Сын Волка (сборник рассказов)
Шрифт:
Она покорно оставила работу и снова уселась на землю. Каним оглядел ее внимательным взглядом.
— Ты не сидишь на корточках, как другие женщины, — заметил он.
— Да, — отвечала она. — Мне трудно сидеть на корточках. Это меня утомляет, и я не могу отдохнуть.
— А отчего ты при ходьбе ставишь носки врозь, а не прямо?
— Не знаю, но мои ноги не похожи на ноги других женщин.
В его глазах блеснуло удовлетворение, но он его ничем не выразил.
— Твои волосы черны, как волосы других женщин, но замечала ли ты, что они мягкие
— Замечала, — коротко ответила она, недовольная столь хладнокровным анализом ее женских несовершенств.
— Прошел уже год, как я взял тебя у твоего племени, — продолжал он, — а ты все так же робка и так же чуждаешься меня, как в тот день, когда я тебя впервые увидел. Отчего это?
Ли-Ван покачала головой.
— Я боюсь тебя, Каним, ты такой большой и непонятный. А кроме того, еще прежде, чем ты на меня посмотрел, я боялась всех юношей. Я не знаю… не умею сказать… мне только казалось, словно они мне не подходят, словно…
— Ну! — ободрил он ее, ее заминки выводили его из терпения.
— Словно они люди другой, не моей породы.

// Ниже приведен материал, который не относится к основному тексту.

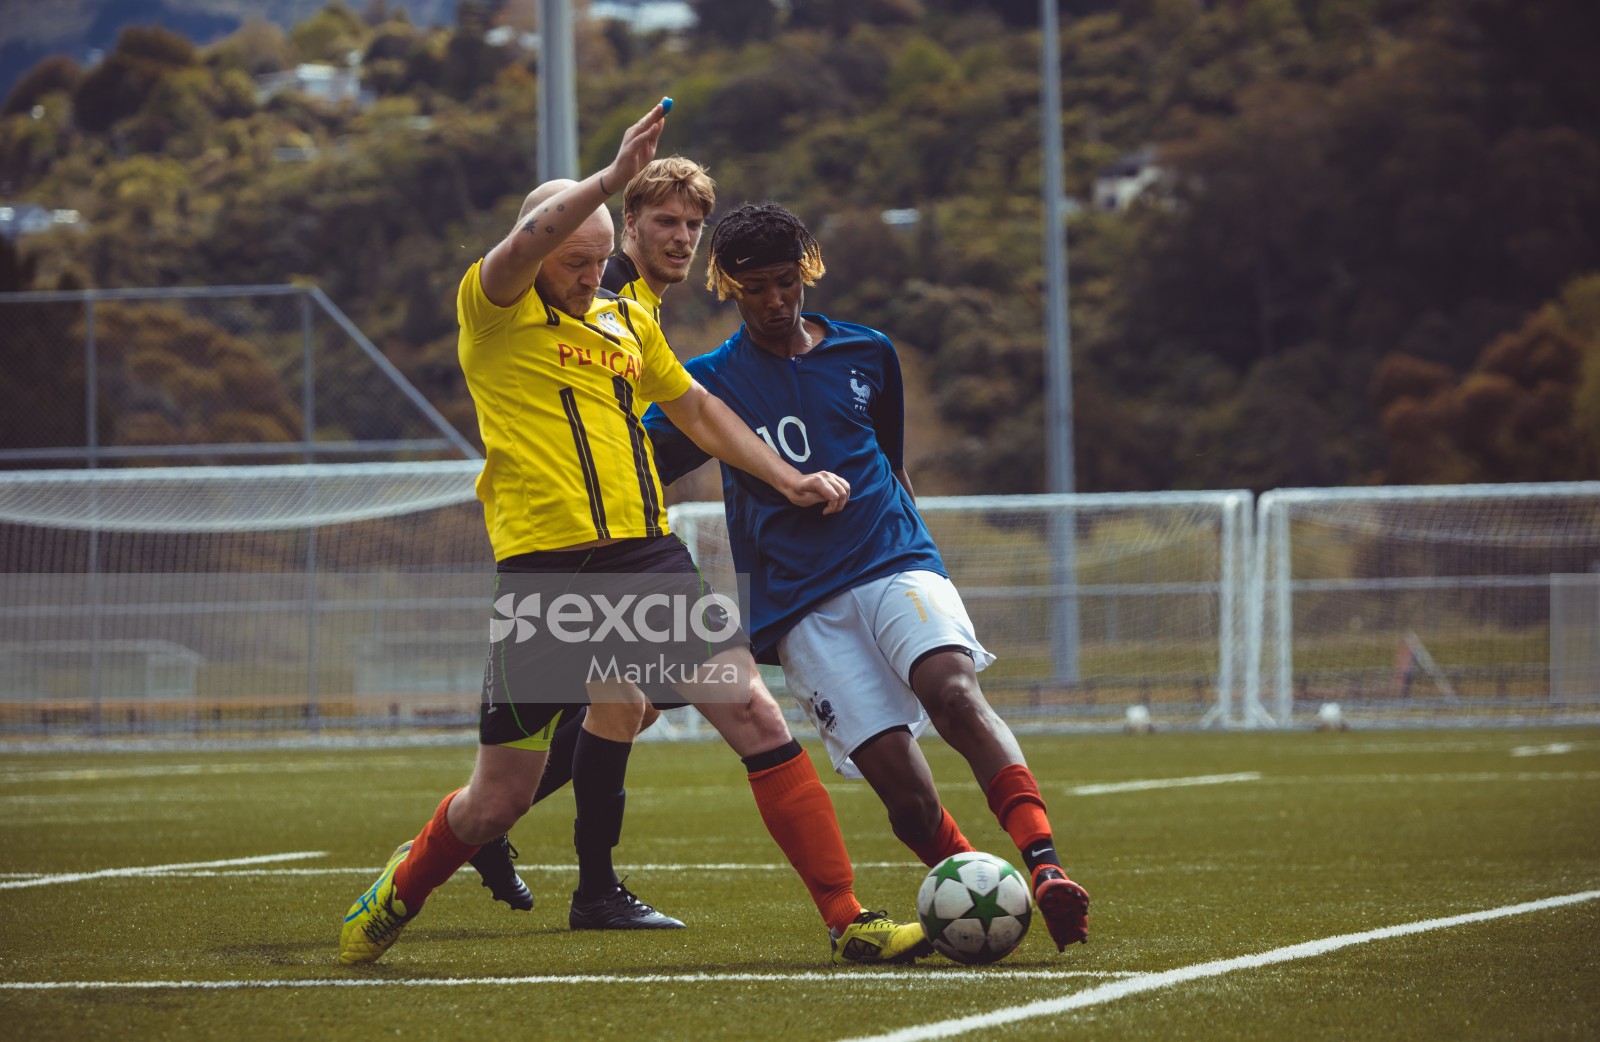 Blue shirt player tackling yellow shirt player - Sports Zone sunday league

— Не твоей породы? — медленно переспросил он. — Какая же твоя порода?
— Я не знаю, я… — Она растерянно покачала головой. — Я не умею выразить словами, что я чувствовала. Я была какая-то странная. Я была не похожа на других девушек, которые тайно искали встреч с юношами. Я не могла вести себя так с ними. Мне бы это казалось очень нехорошим поступком.
— Какое первое воспоминание твоего детства? — резко и без всякой связи с предыдущим спросил Каним.
— Поу-Ва-Каан, моя мать.
— А до Поу-Ва-Каан ты ничего не помнишь?
— Ничего.
Но Каним, глядя ей прямо в глаза, старался проникнуть ей в душу и заметил ее колебание.
— Подумай, подумай хорошенько, Ли-Ван, — грозно сказал он. В глазах ее отразились страдание и мольба, она забормотала что-то, но его воля покорила ее и вырвала из ее уст признание.
— Это были лишь сны, Каним, дурные сны детства, как бывают видения у собак, спящих на солнышке и воющих во сне.
— Расскажи мне, — приказал он, — о том, что ты помнишь до Поу-Ва-Каан, твоей матери.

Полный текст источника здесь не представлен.